On the web, as in politics, we get what we deserve - or, in this case, we get what other web users deserve, because they vastly outnumber us.
'The Economy' is a giant Ponzi scheme whose most pitiable suckers are the youngest among us and the yet-unborn.
If you're wondering "How can this happen?", all you need to do is look at the credits of Acrobat Reader. Notice that many of the names are quite clearly Indian. Then it all makes sense.
Why do we need support for 3D files, embedded file attachments, JavaScript and all that crap in a file format that was originally intended to print documents? I'm glad that there are alternativs to Adobe Reader that just support the old idea of a printable document file format and nothing more, for example Preview on OS X, for other OS see this list. The crazy thing is that Adobe Reader is promoted by a lot of companies that use PDFs to send out bills electronically, i.e. to open the attachment, you need to download Acrobat Reader. Which is not only a wrong statement, but also a suggestion to install an application that has been plagued with security faults.
It has a 4.4 MB setup file, compared to Adobe Reader's 40.5 MB, for Windows 7. Installed size is 8.4 MB, whereas Adobe Reader requires 335 MB of available disk space.
Adobe PDF Reader - now with 10-40x the size of what's *really* needed! ***Bonus*** - Includes Critical 0 Day vulnerability, @ no extra charge!!!

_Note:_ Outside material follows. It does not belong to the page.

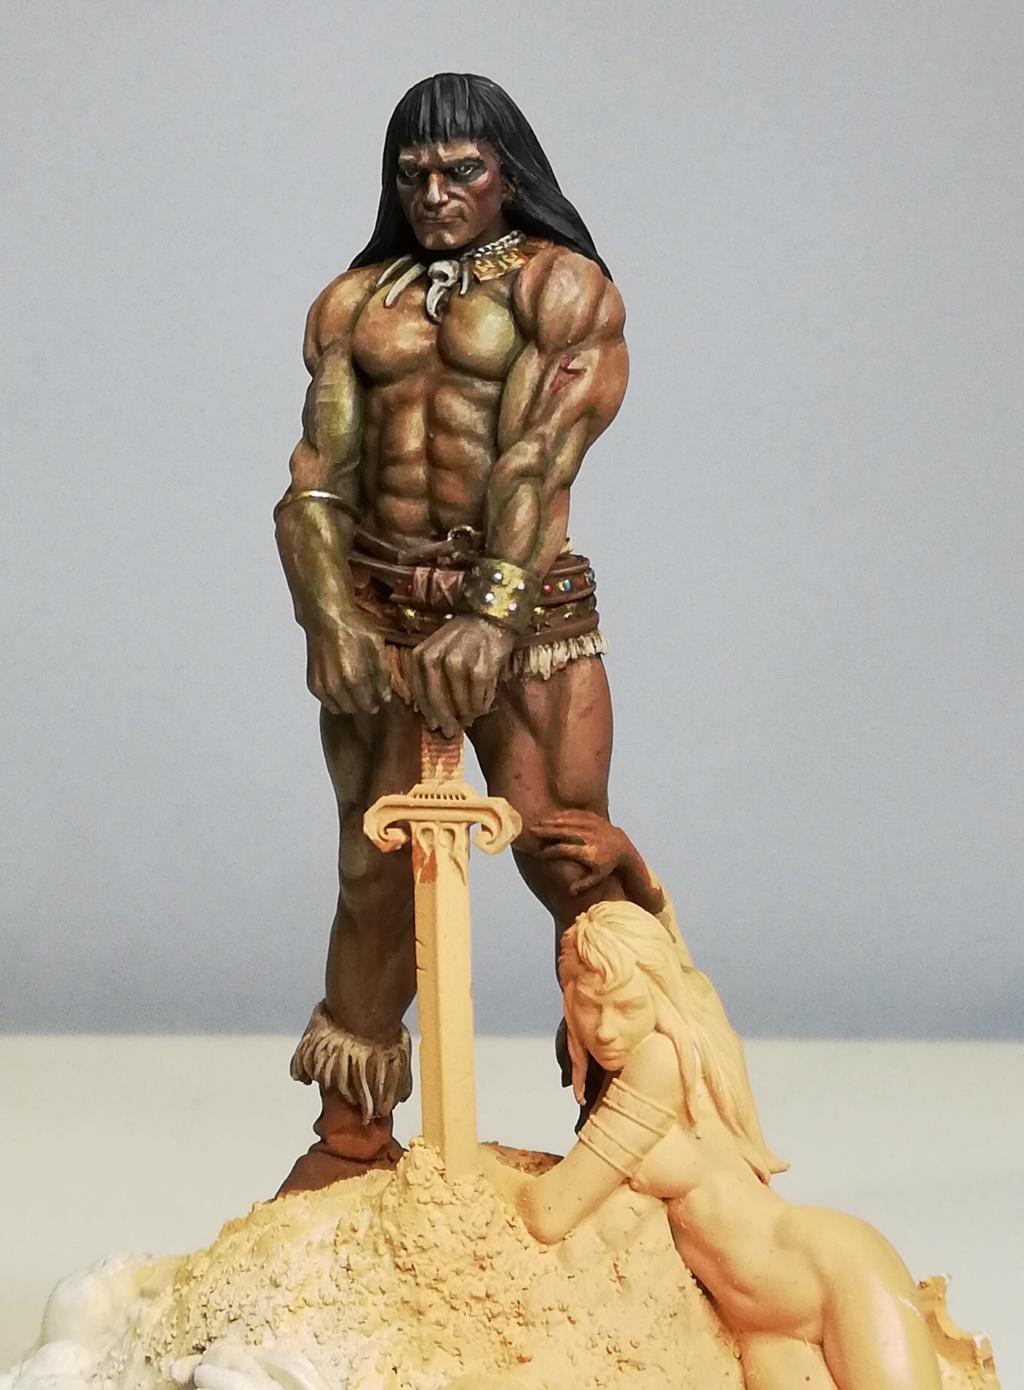 Conan, d'après Frazetta - Terminé Conan_25

What more could you ask for?
"...there are some things that can beat smartness and foresight. Awkwardness and stupidity can." ~ Mark Twain
> you must distinguish the difference between conforming and non-conforming implementations of PDF before comparing
Your point is valid, however, how much of that ISO standard is, itself, "ooooh, shiny"-ness which is one of the reasons why Reader has so many more possible places of failure? Before discovering better alternatives for reading PDFs under Windows, the first thing I would do to Adobe Reader was to disable scripting support inside PDF documents.
In other words, I prefer the non-conforming, because that means that (there is a chance that) the implementers might actually be ignoring stupid things which Adobe pushed into the PDF standard which shouldn't be there.